BEGIN INPUT DATA

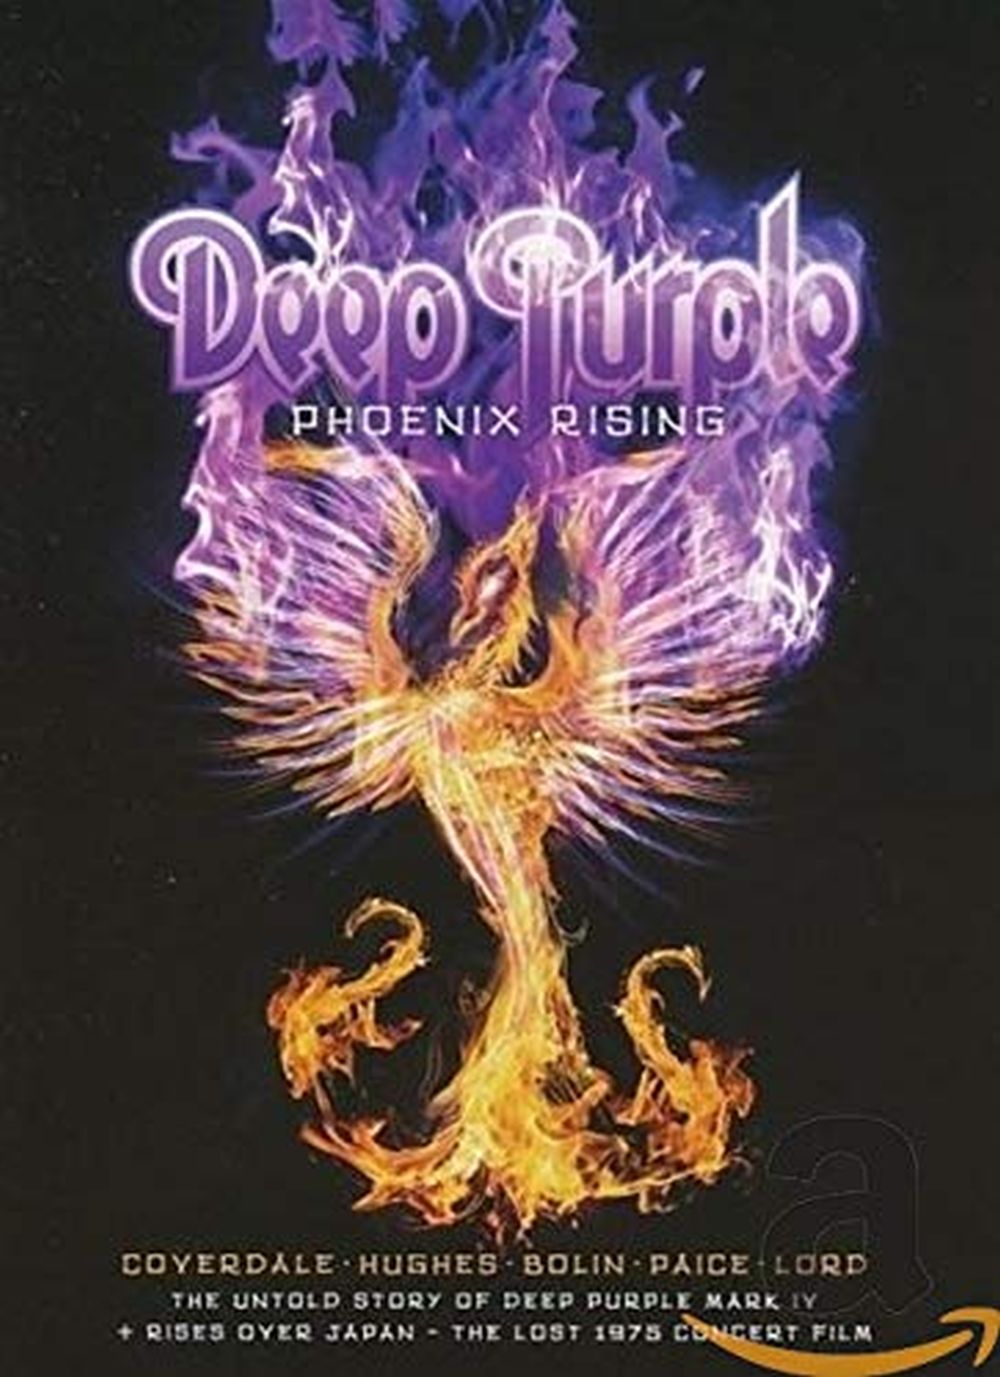 Deep Purple - Phoenix Rising (R2) - DVD/CD - Music
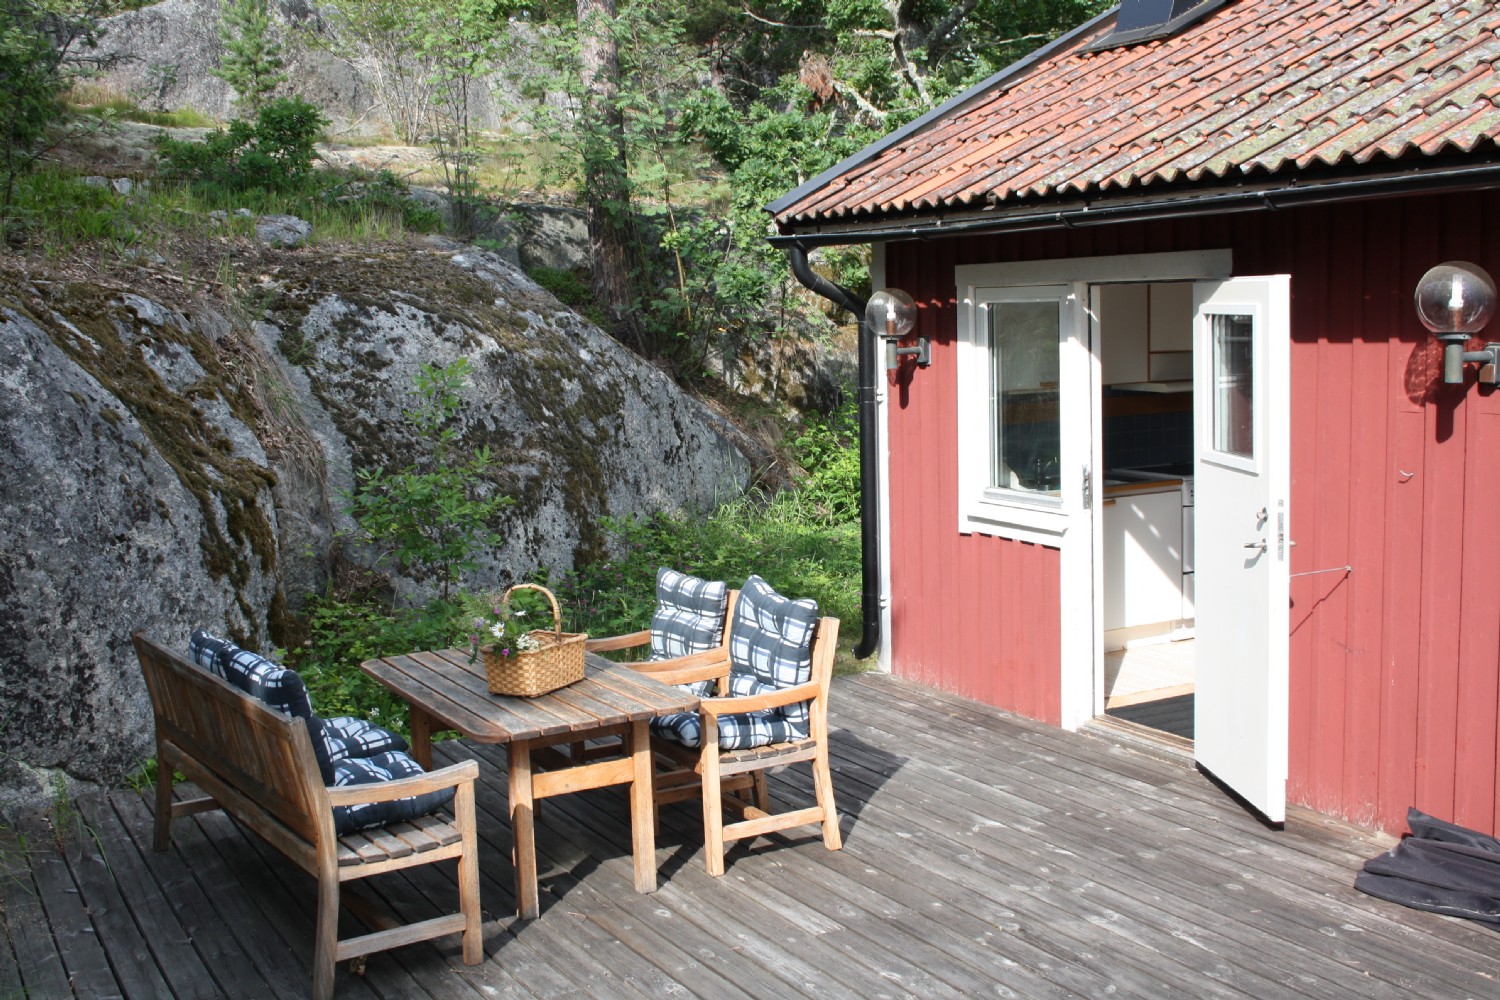 Altan vid kksingngen e.m-sol/ Terrace and kitchen entrance afternoon sun 
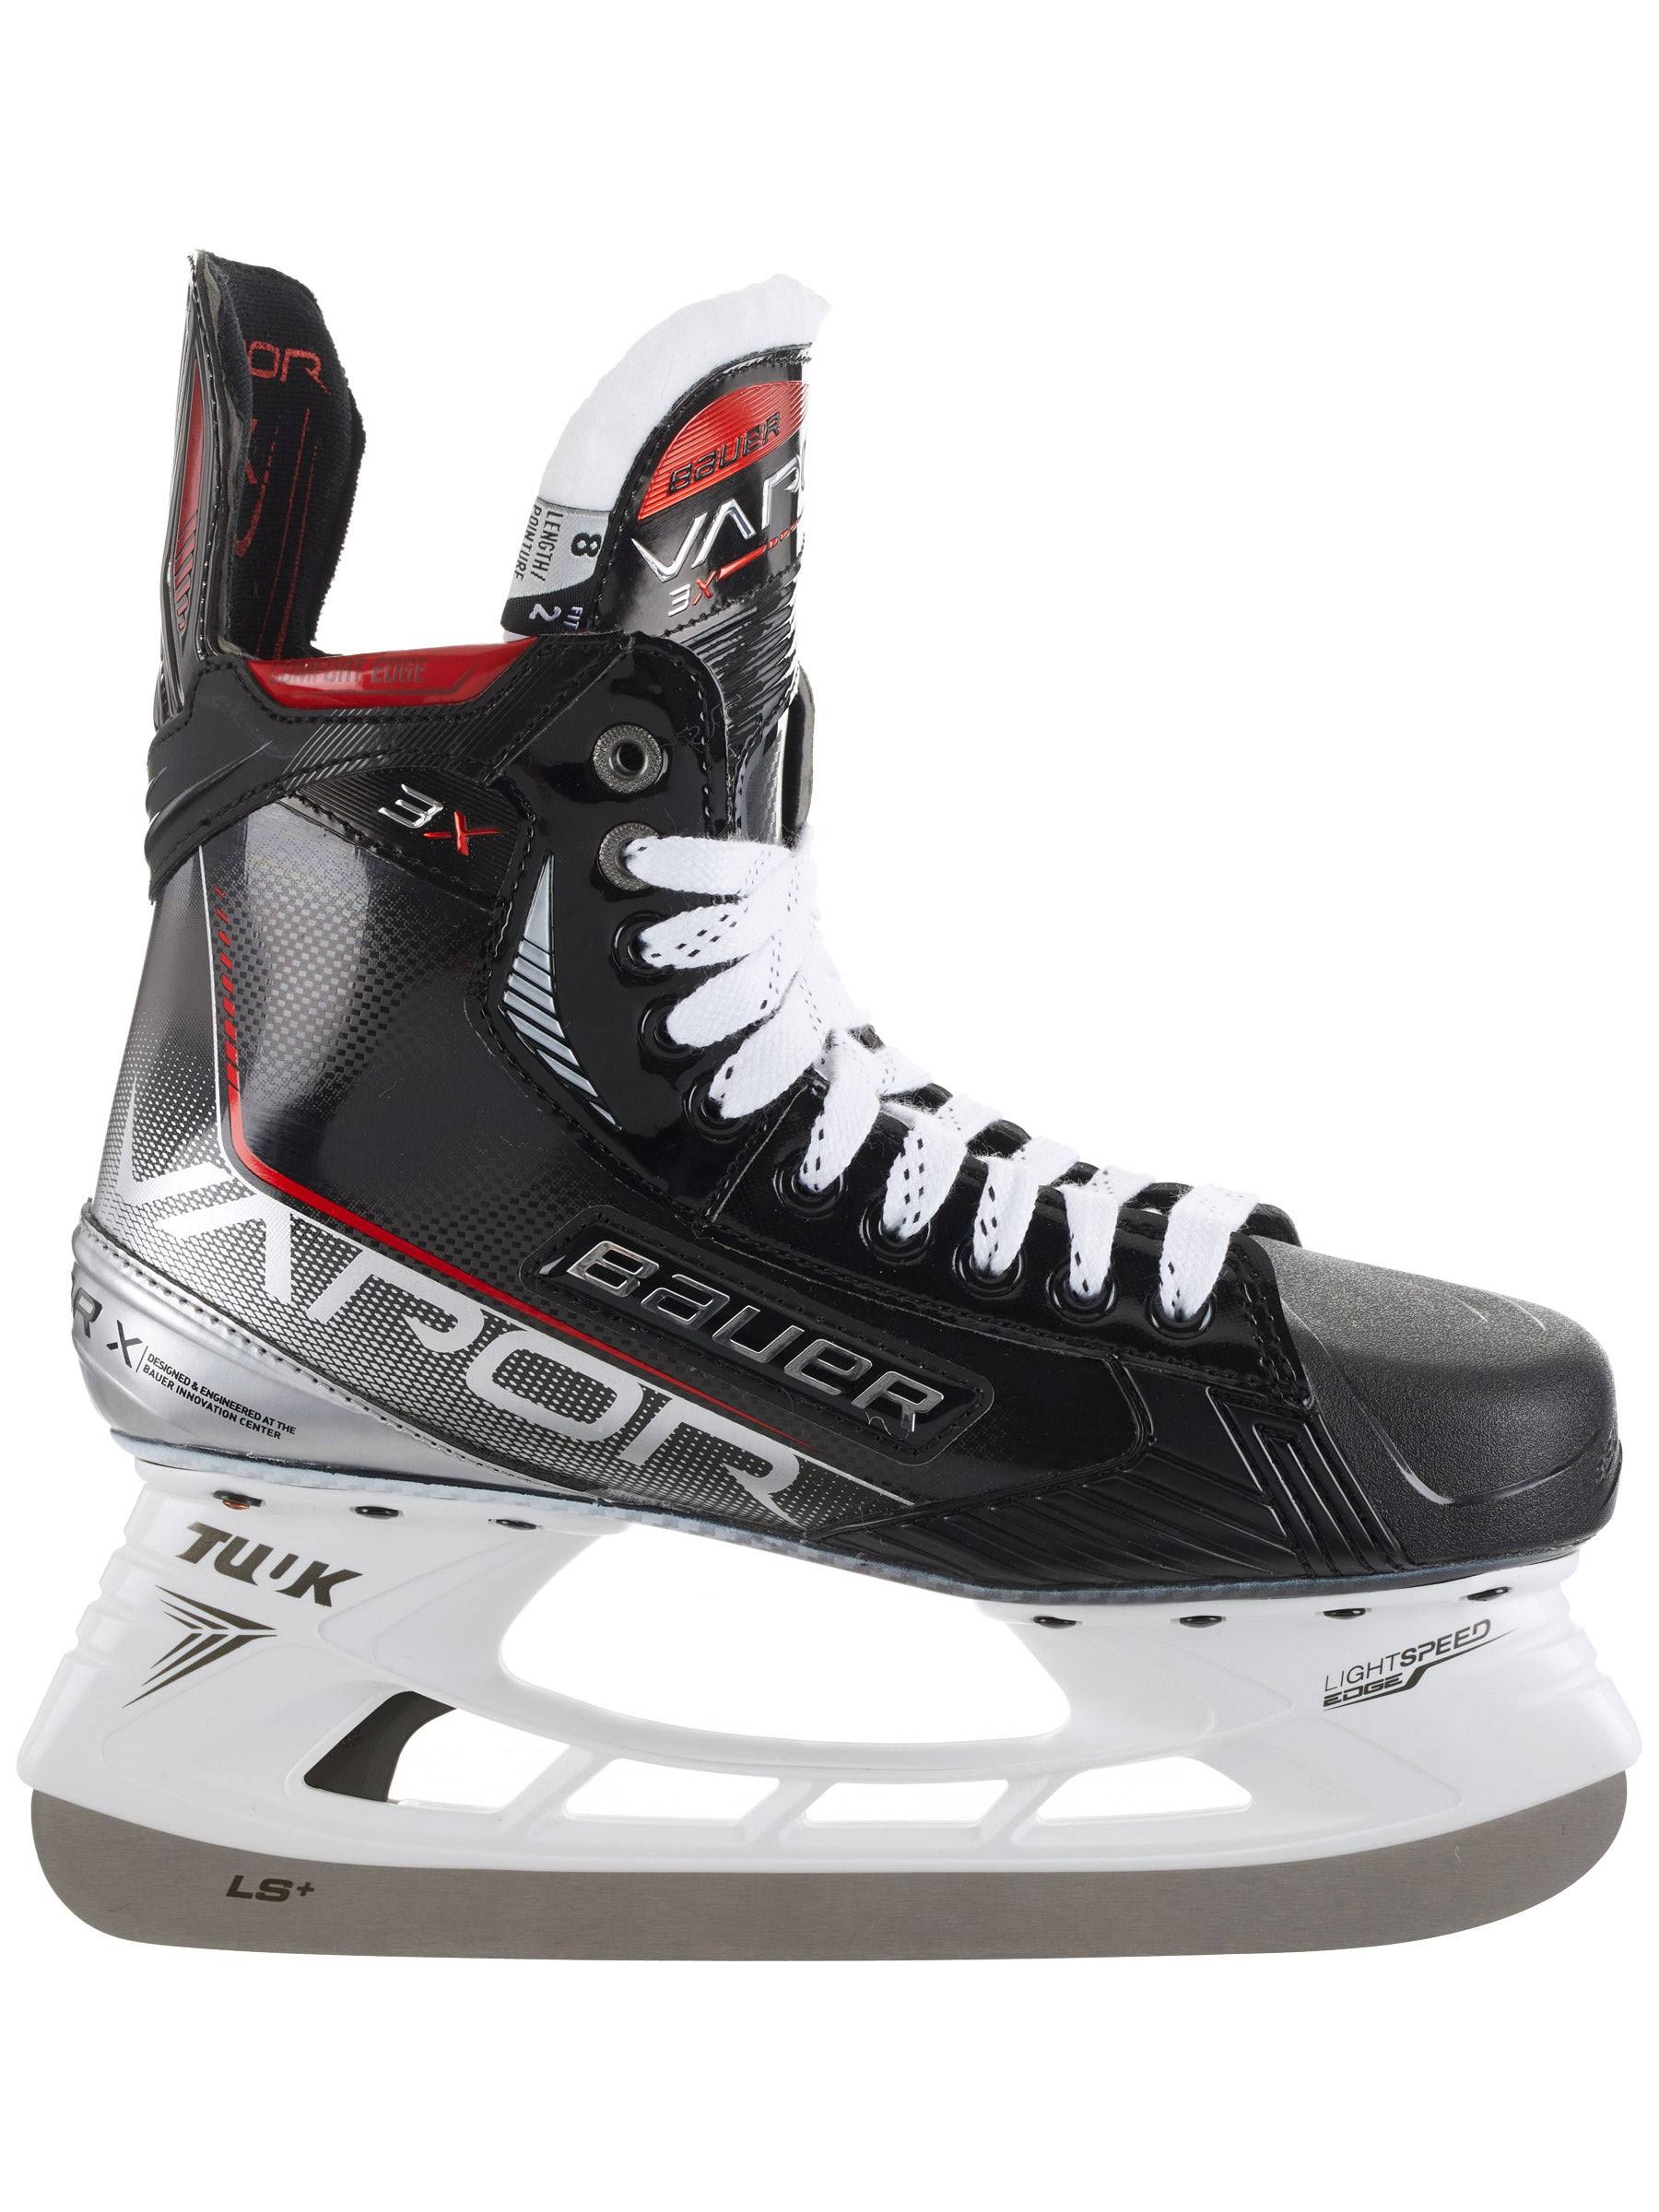 Bauer Vapor 3X Senior Ice Hockey Skates - 8.0 - Fit 3
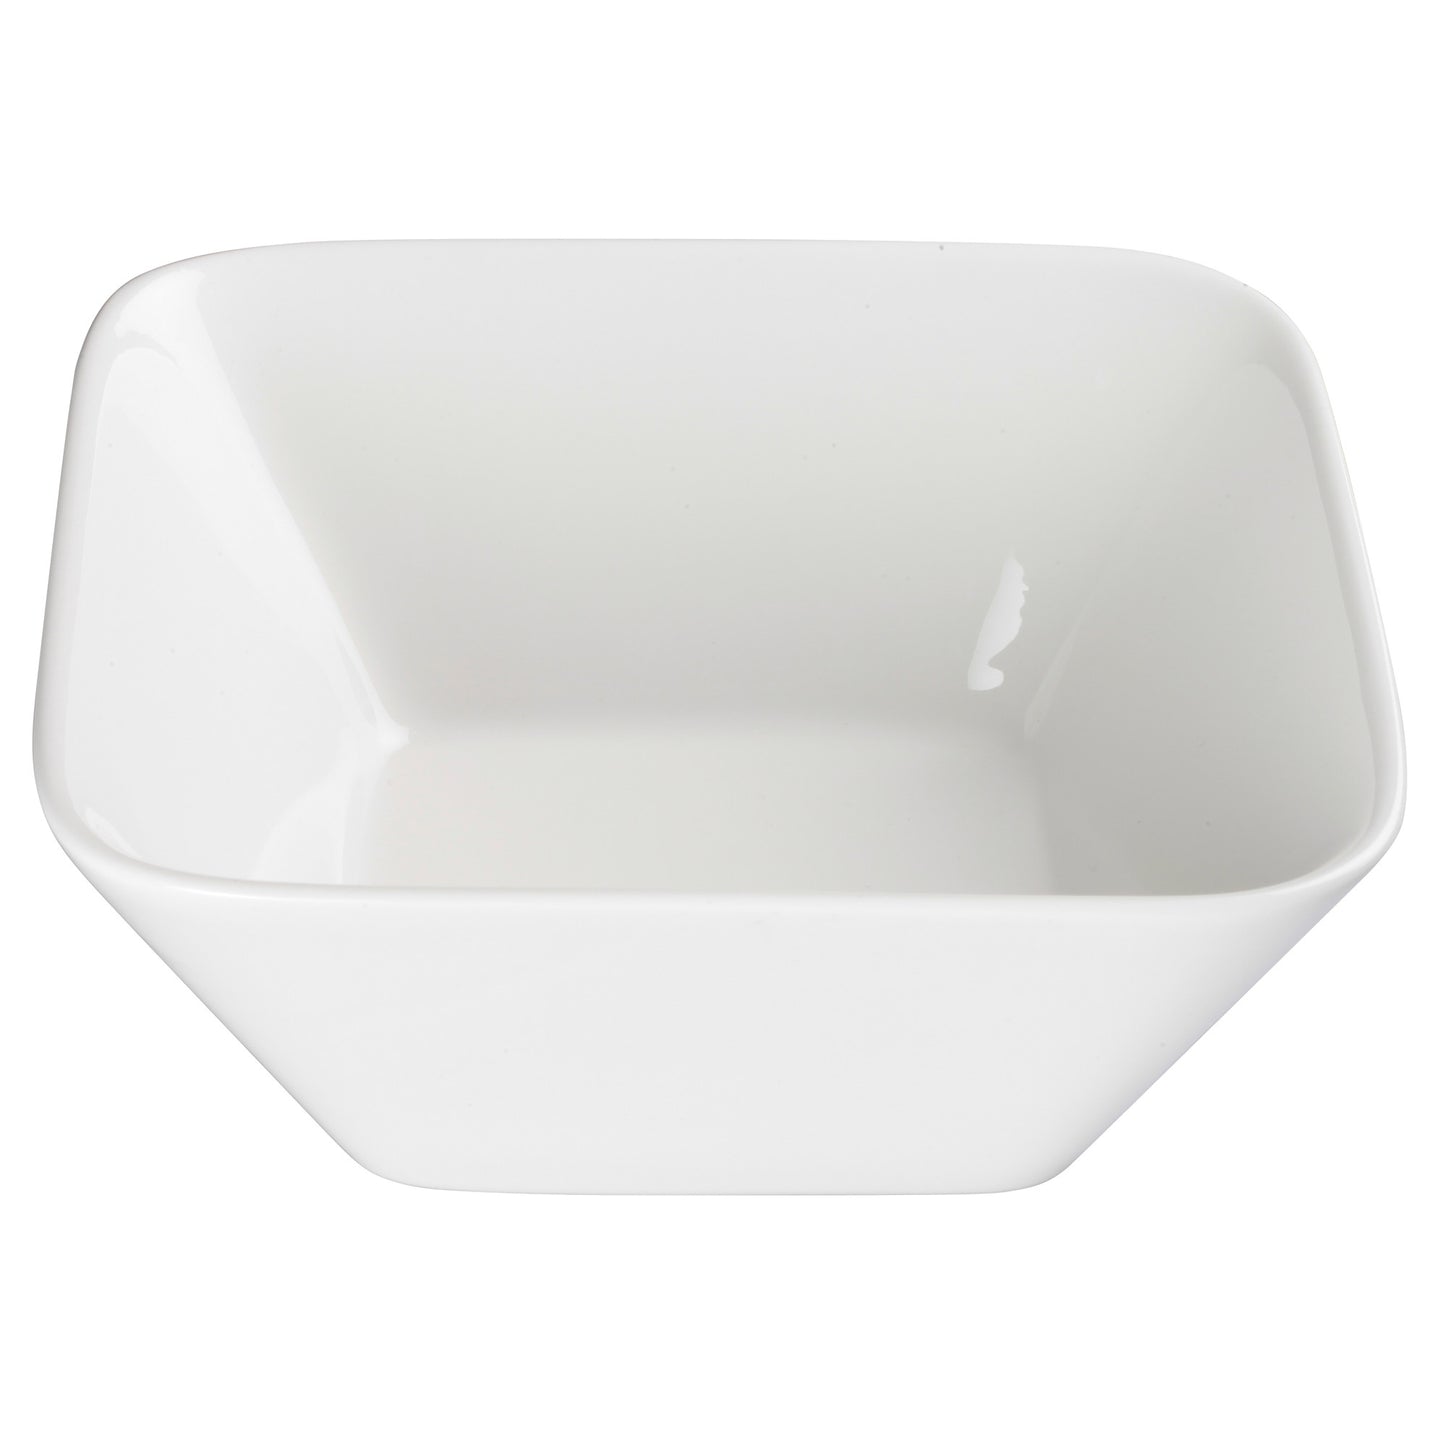 WDP008-104 - 7-5/8"Sq Porcelain Square Bowl, Bright White, 12 pcs/case

END INPUT DATA

Every line from the line containing "Bauer Vapor 3X" through the last line above is to be printed exactly. Pictures are not copied.

» **ANSWER TO THIS PROBLEM**
 Bauer Vapor 3X Senior Ice Hockey Skates - 8.0 - Fit 3
 WDP008-104 - 7-5/8"Sq Porcelain Square Bowl, Bright White, 12 pcs/case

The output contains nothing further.